How to Swing Faster
How to Swing Faster
Improving your Club head Speed can be summed up into 3 Key Points:
1) Be a Long Driver: You must practice swinging as fast as possible every week and let all other training revolve around your swing speed practice in order to be a good jumper. In our opinion, until you have 10,000 full speed swings under your belt, you need more jump practice. Since swinging this hard can be tough on the body, start out with just one session per week, then you could do two, but I wouldn’t recommend more than 3 per week. Aim for around 50 quality swinging reps per week, and always take swings going the opposite dexterity at the end to balance out your two sides (You’ll never be truly balanced as a golfer, but this can help save your back, knees, and hips to some extent). If it is too painful for you to have swing sessions regularly, then the next two steps take priority.
2) Get Flexible: Golfers are rotational athletes. We need to have mobile hips, back, shoulders, wrists, necks, and even knees and ankles in order to swing efficiently. Having tight muscles is like driving a car with the parking brake on, it’s bound to mess up your body in the long run and often results in nagging non contact injuries. In addition, you get faster motion and better leverage from greater flexibility, so you’ll be able to store more energy on the back swing and rotate and drive through the ground faster the more mobile you become. Until you can comfortably hit the stretching standards in the program, you can always improve your flexibility.
3) Get Stronger: Once you are able to jump often, pain free, and are fluid and flexible, it’s time to add some horsepower to your engine. A balanced weight training approach will keep your body healthy and add more oomph to any movement you make. The caveat is not to become a lifter, or else you will end up heavy and tight, interfering with your athleticism. Done the way we prescribe, lifting can also improve your range of motion. With weighted sled work, you can also improve your conditioning and lower body health substantially as well.

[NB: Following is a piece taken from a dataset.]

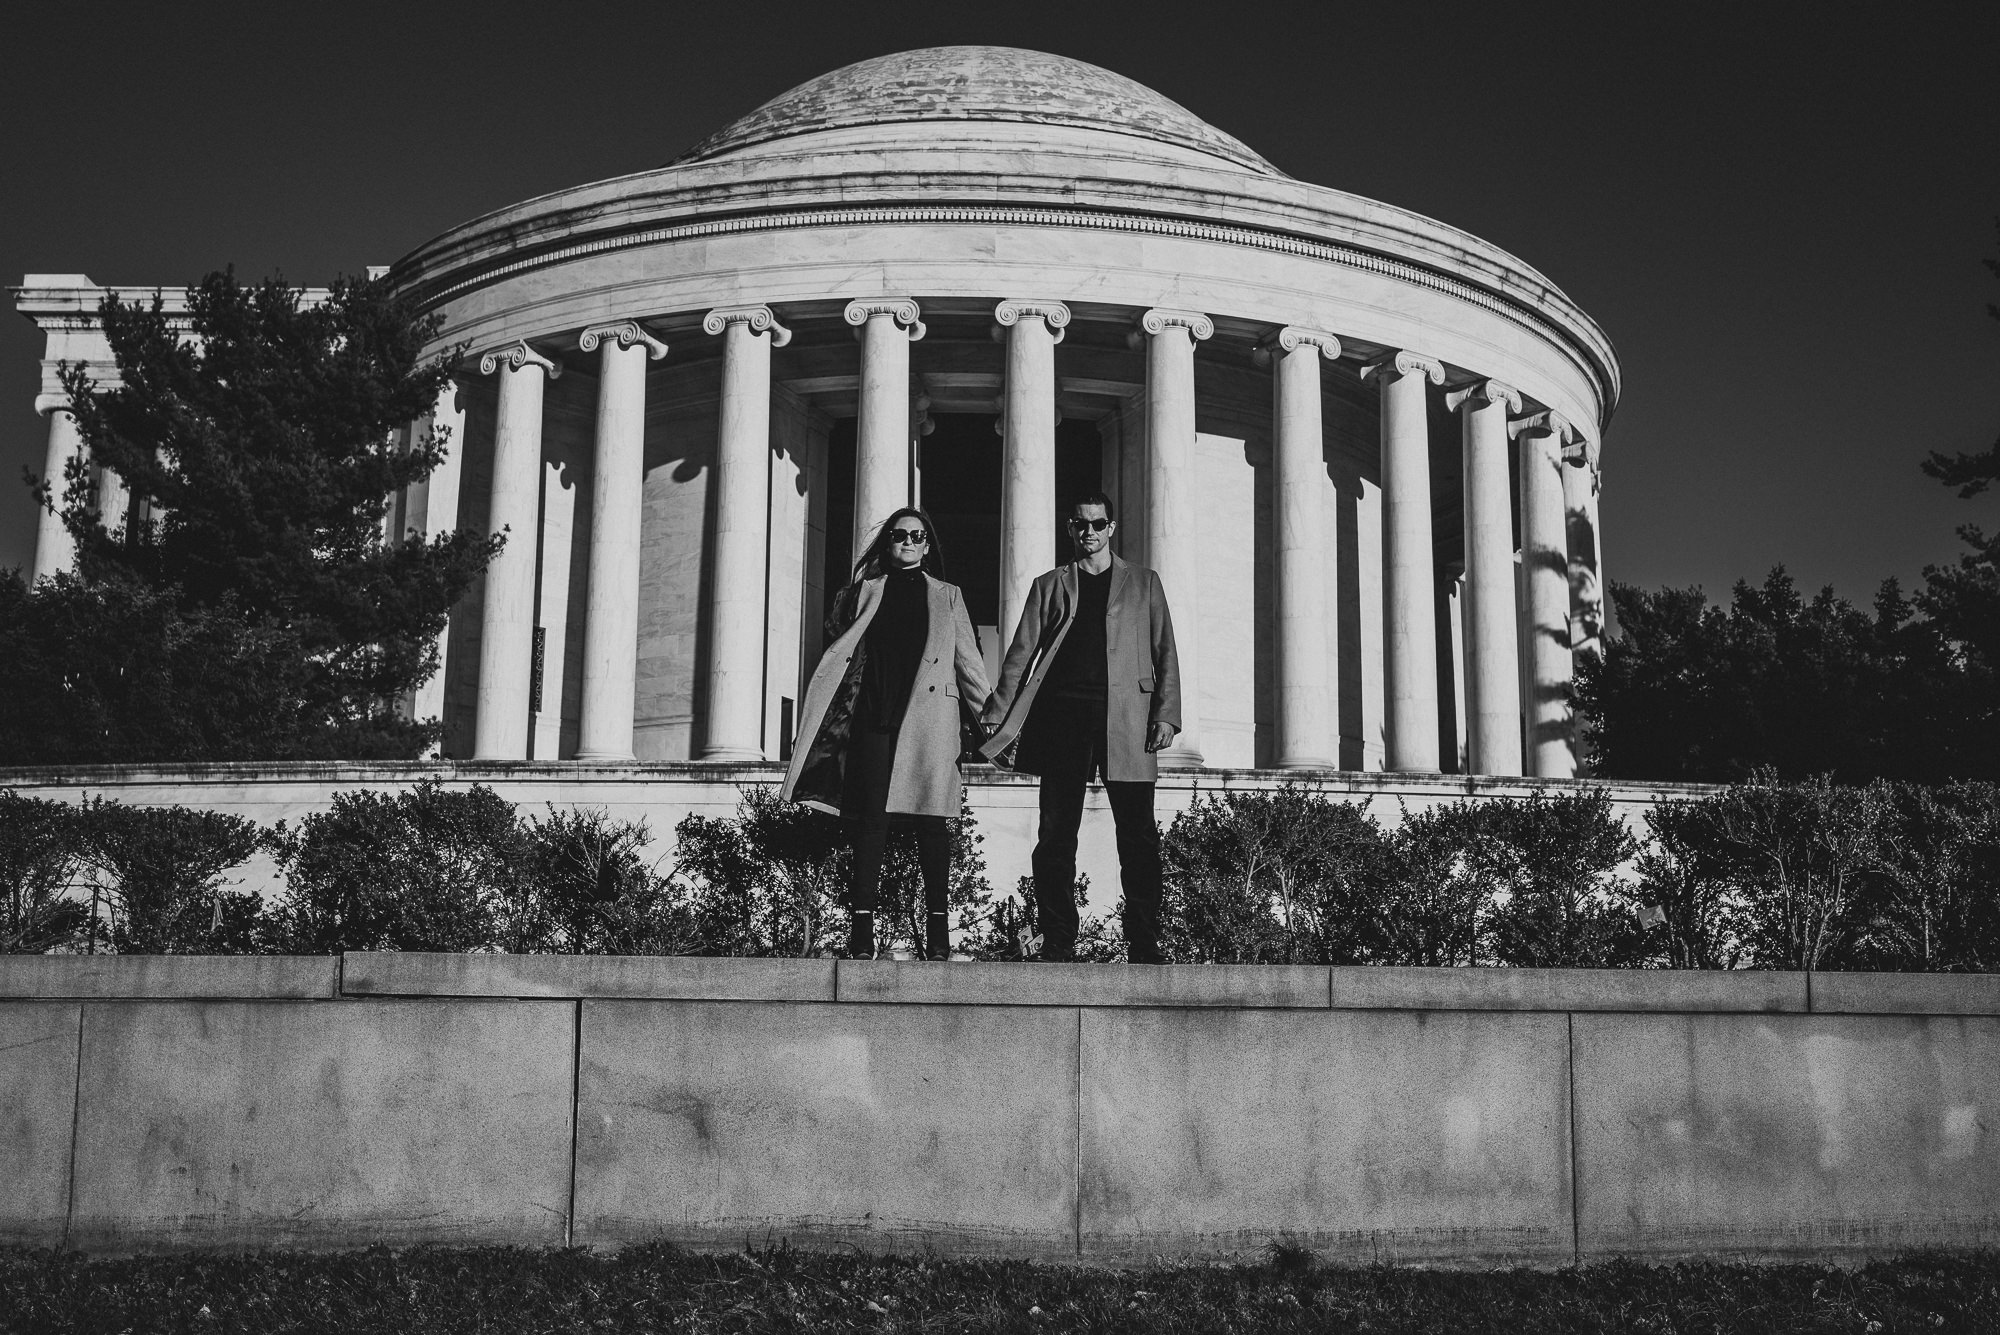 Jefferson Memorial Washington DC Engagement Session by Mantas Kubilinskas.jpg

In the strength through length program, you’ll be on the driving range 2x per week if you decide to swing speed training. You’ll warm up with wedges and irons, then some drivers, and hit 25 max effort swings, and ideally make some swings the opposite dexterity to balance yourself out. After your shower would be a good time to stretch as well so that you do not tighten up.
- Wrists/Elbows: Elbow and wrist pain is common in golfers since force is transferred up the arms from the ground through the club. Ideally, you would like to not have much tension in the forearms and wrists throughout the swing, but if you do and have pains here, check out the wrist and elbow article. The bridge routine also has wrist stretches in it.
- Back/Neck/Hips: The upper back is meant to rotate and the lumbar region is meant to be stable. Having flexible hips and upper back is the key to solving back and neck pain, so working on the front split, middle split, and bridge routines will keep you loose there.
- Shoulder: Dead hangs from a pull up bar are the go to for most shoulder issues. 3×30 seconds each day without pain will open up more room in the shoulder joint, strengthen your grip, and stretch the spine a bit as well. You may need to use assistance at first to keep from over straining.
- Knees: Hip Internal and External rotation is crucial in the golf swing so that you do not have to rotate at the knee. Allow you feet to flare open at address (especially the lead foot) so that your knee does not have to do any rotating during the swing.